Limitations and Future Directions
Despite strong efficiency and competitive classification accuracy at the byte level, several limitations remain:
- A consistent 8% accuracy gap persists compared to large, pretrained Transformers, driven by both the absence of large-scale pretraining and the lack of explicit subword/semantic compositionality.
- Performance on short texts lags relative to longer sequences, correlated with the oscillator design's need for sufficient context to exploit spectral structure.

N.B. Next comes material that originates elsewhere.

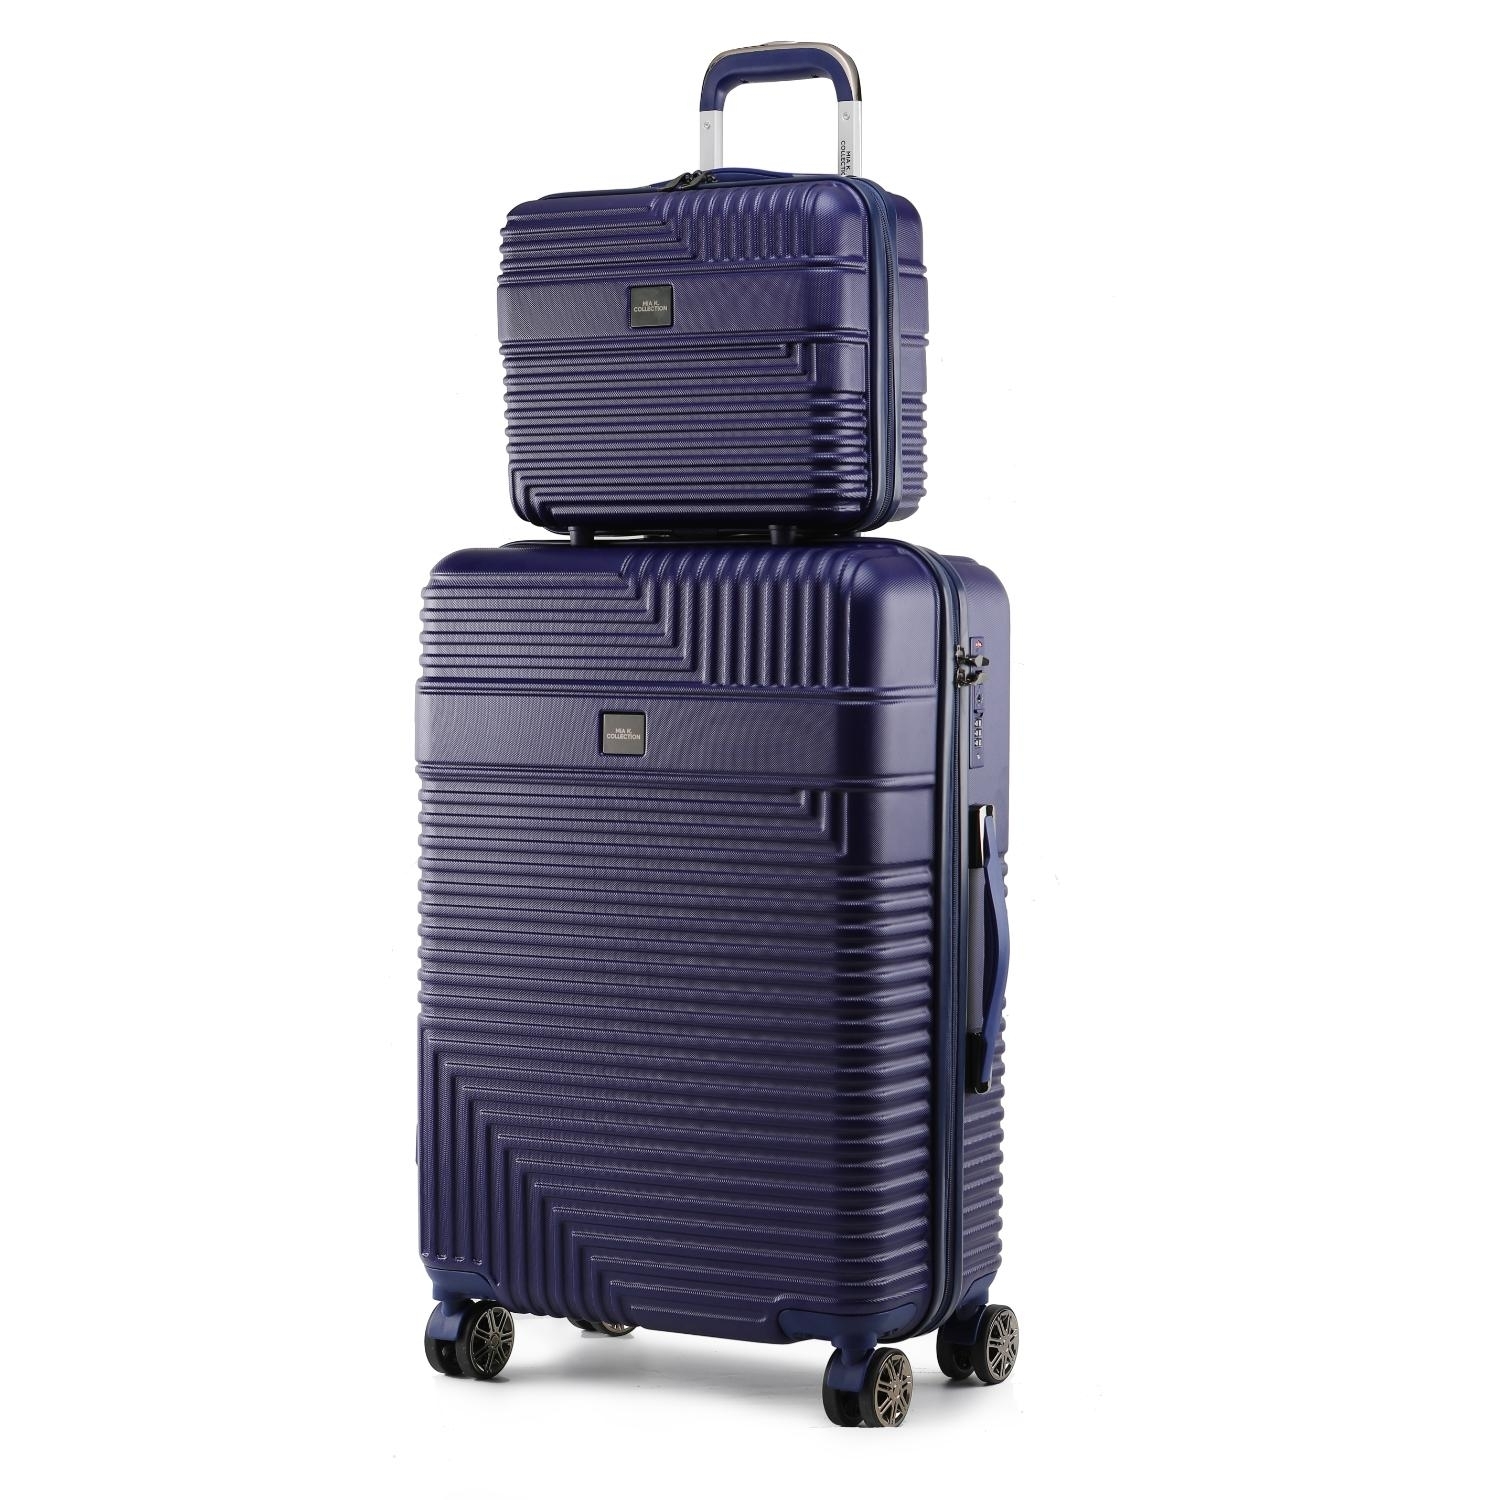 MKF Collection Mykonos Luggage Set With A Medium Carry-on And Small Cosmetic Case 2 Pieces By Mia K - Navy

- The architecture has not been extended to generation, translation, or structured prediction; its properties for language modeling remain to be established.
Priority avenues for future work include deeper oscillator models, exploiting the scalable context processing for document-level tasks, edge-device deployment, multilingual benchmarks, and adaptation to autoregressive generation.
Conclusion
Kathleen establishes the viability of attention-free, tokenization-free byte-level text classification via learnable oscillatory frequency processing. It achieves strong empirical results with dramatic parameter efficiency—anchored by the discovery that minimal sinusoidal nonlinearities drive the majority of performance gain, while complex cognitive architecture contributes minimally. These findings recalibrate priorities for efficient sequence model design in NLP, underscoring the promise of explicit signal processing inductive bias for text understanding.